But are these the only reasons, or are there other factors that need to be considered? I will offer my thoughts about other issues that need to be addressed not only by the NFL but also by all of the major sports leagues experiencing attendance issues or having anxiety about their upcoming seasons.
Participatory control vs. spectatorship
Members of the very desirable 18- to 28-year-old target market have grown up in an era where they have not only selected their preferred forms of entertainment, but they have also exercised some level of control over that entertainment. In EA Sports’ very popular “Madden NFL” video game, participants use a salary cap to build their rosters through drafts and trades, call their own plays, select their stadium, including the playing surface, and even decide the weather. Is it realistic then to expect them to go to a stadium and sit and watch for three hours a game that from whistle to whistle only has 13 to 16 minutes of action? They are accustomed to being in control, and when they lose interest, they move on to the next thing.
This group, call them Generation What’s Next, has also enjoyed an overwhelming array of choices not only in terms of different possibilities, but also competitors within each of those respective possibilities. Jack Trout, in his book “Differentiate or Die,” states that “what used to be national markets with local companies competing for business has become a global market with everyone competing for everyone’s business everywhere.” This is also true in entertainment. As I write this on a Saturday afternoon at my home in Orlando, I have 27 college football games to select from on my DirecTV, not to mention the UFL, MLB and a variety of other sports. But I can also elect to watch movies, play golf, socialize with friends, go to the mall or whatever I choose and, in most cases, whenever I want.

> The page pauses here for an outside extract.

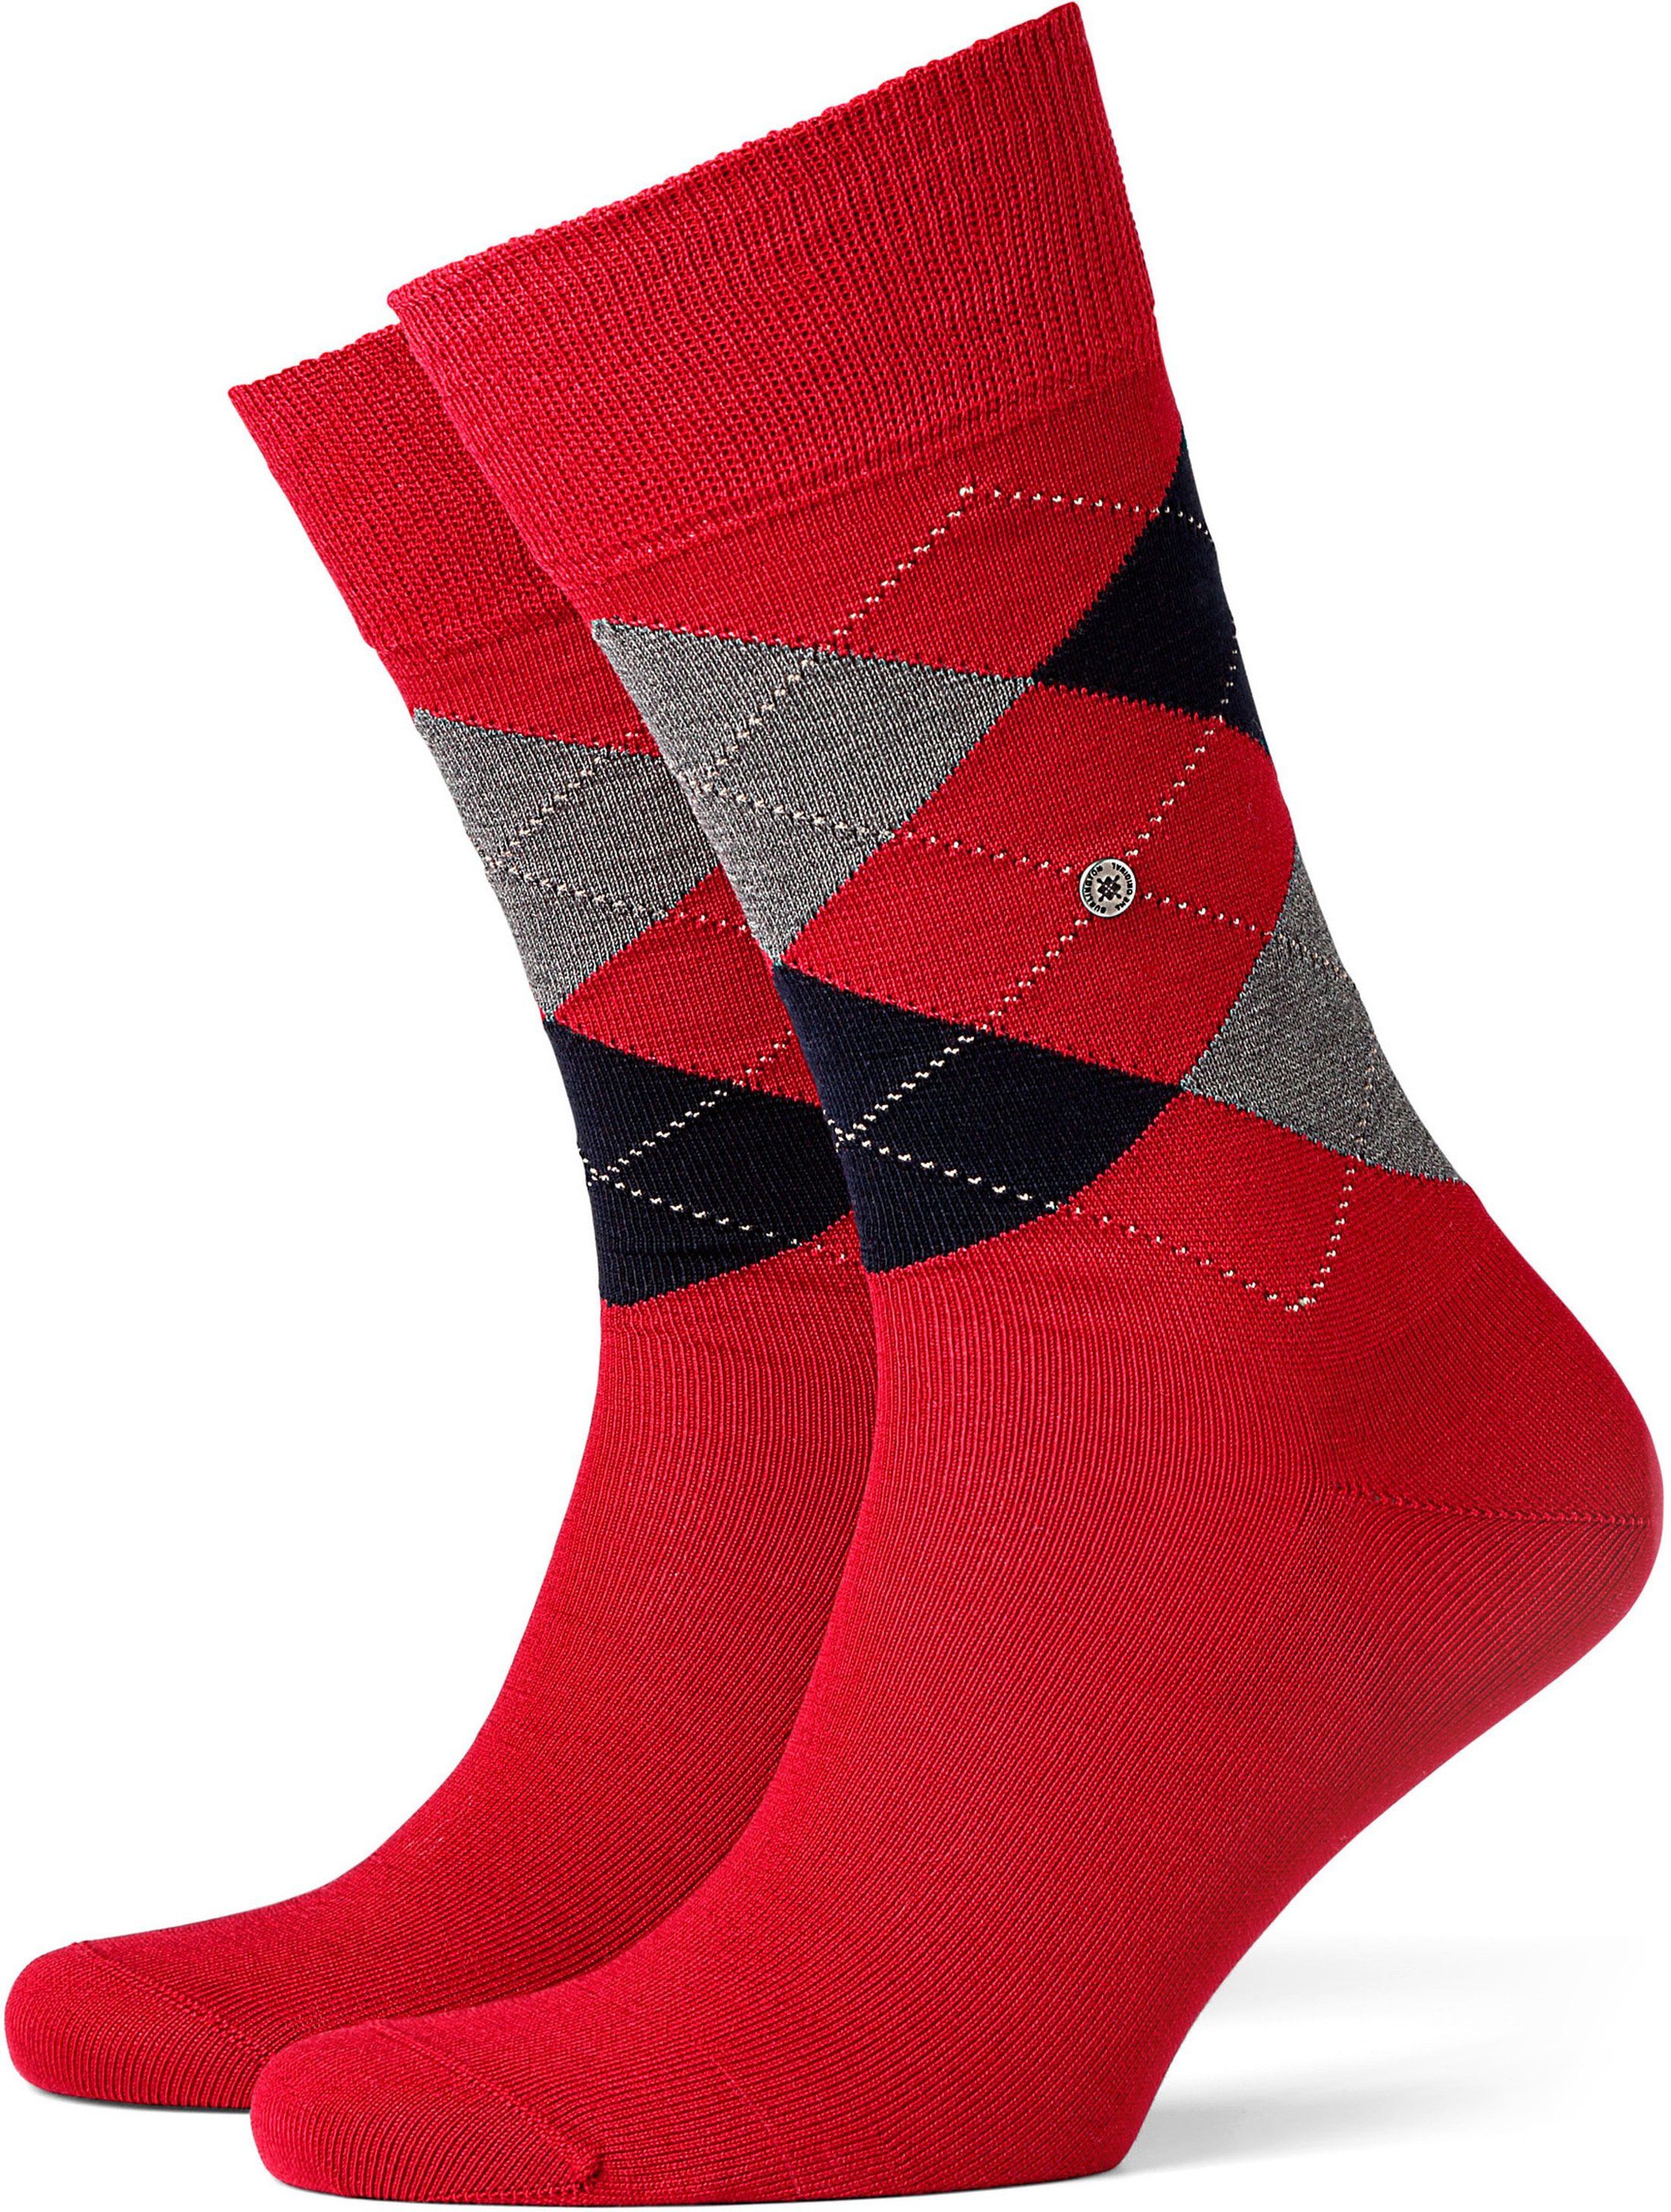 Burlington Socks Cotton 8006 Red size 40-46

Cumulative costs vs. ticket costs
Despite the attention given to variable pricing and dynamic pricing, most professional sports teams have affordable tickets either for all events or for less attractive opponents or weekday nights. The issue is cumulative costs: concessions, parking and other costs incurred during the course of the driveway-to-driveway experience. While parking is a variable cost based upon proximity to the venue, concessions are not variable and their cost has escalated beyond the reach of many fans. When a beer and a hot dog approach the cost of a steak dinner at a restaurant, it becomes problematic. In addition to the cost, the size of the products can also be an issue when buying concessions for a 6-year-old. We have to stop viewing the fans as POAs (Prisoners of Arenas), taking advantage of the fact that they are unable in many cases to bring food and drink into the venue nor can they leave to purchase food and be readmitted.
While tailgating is a very important part of the live experience, the rude behavior and profanity of some fans can be a deterrent for those who may not wish to expose themselves or their families to such behavior. Not all of this behavior can be attributed to tailgating, but it is more explicitly linked to the length of the event and opportunities to drink more and behave irresponsibly. We can’t ban tailgating nor would we wish to, as it is an essential part of the overall experience. What needs to be done is to provide other activities and opportunities that complement tailgating and encourage participation.

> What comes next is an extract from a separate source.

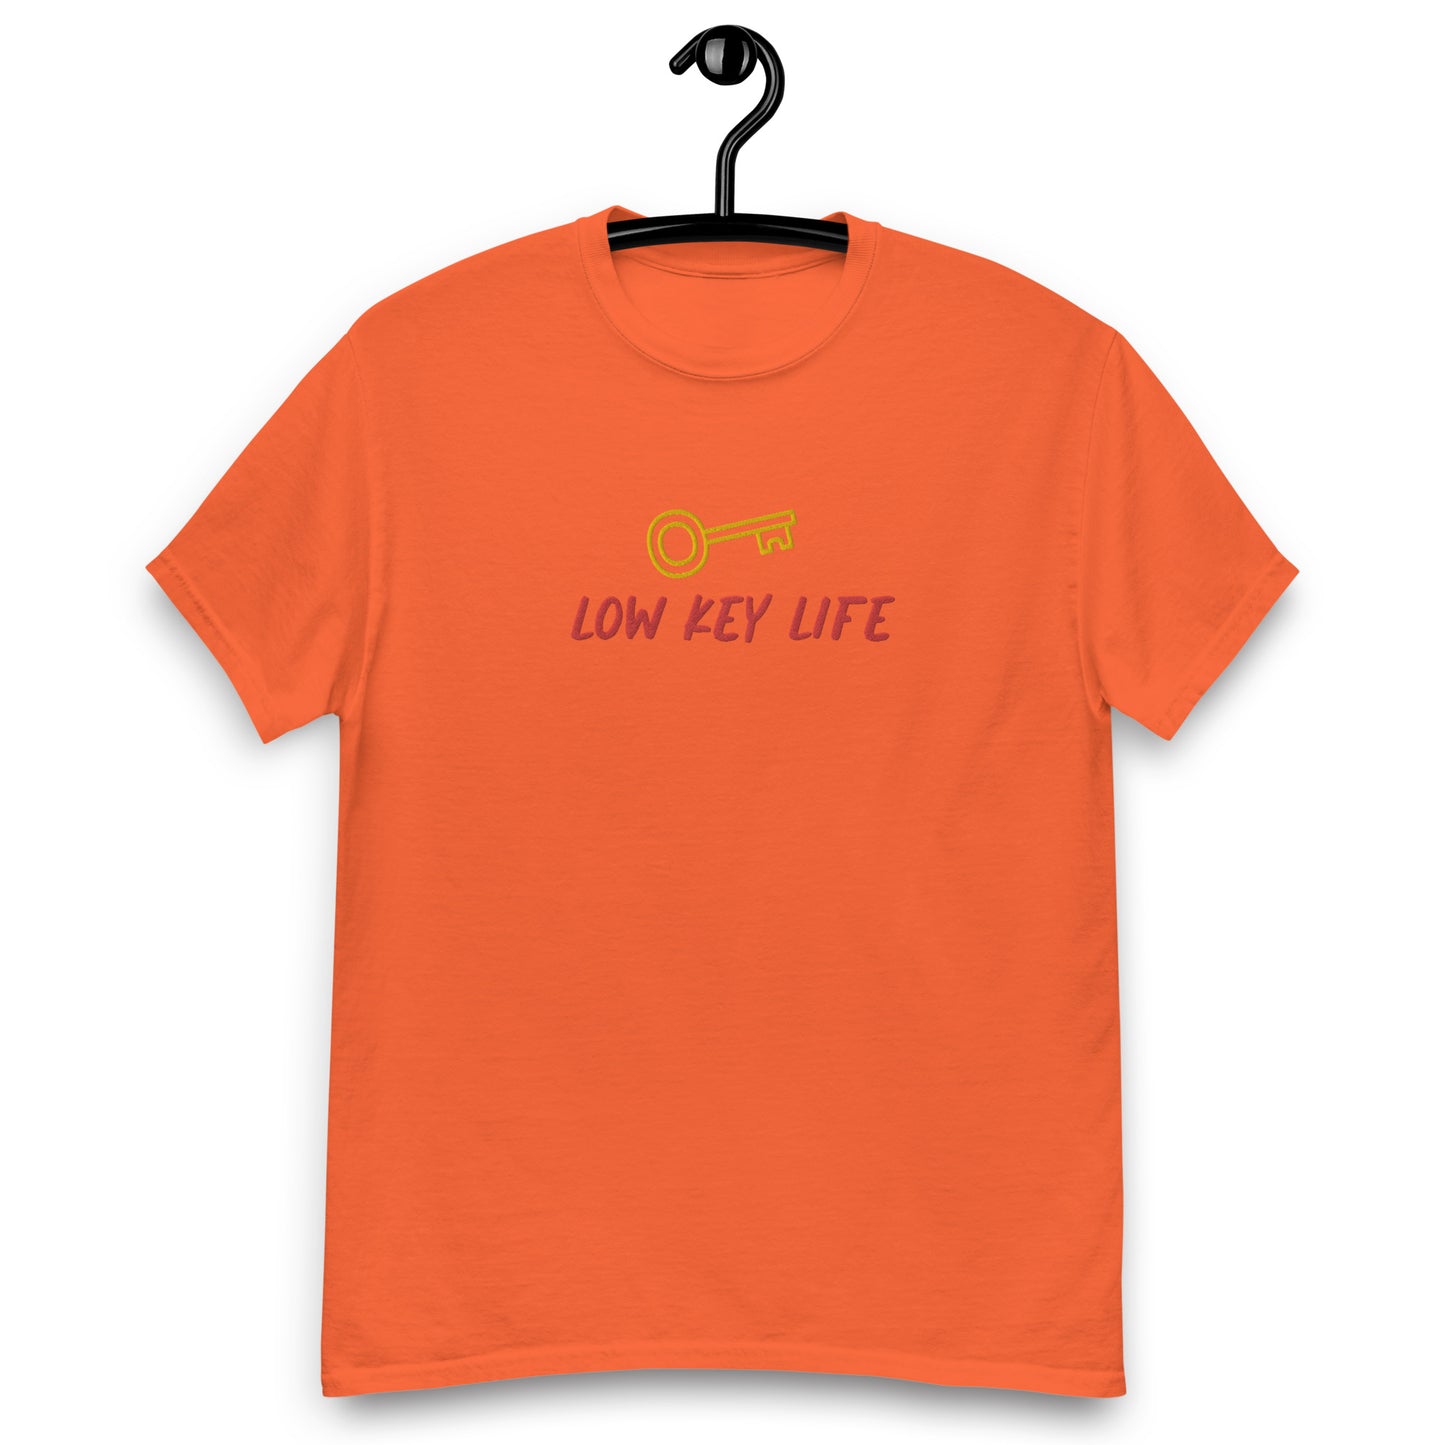 "Low key life" men's t-shirt

Change the marketing and advertising messaging.
Prior to the advances in technology, one could expect to see the game better in person. But stadium designs that put the average fans far from the action and HD televisions that bring them much closer to the action with all of the conveniences of home have made staying home an attractive alternative. Advertising that shows game action needs to be replaced by footage showing people enjoying themselves and doing things on-site: tailgating, interacting with mascots, engaging in activities from the NFL Experience and so forth. The message needs to be that staying home is watching the game, but attending is being part of the game.
Make the game affordable for a wider range of people.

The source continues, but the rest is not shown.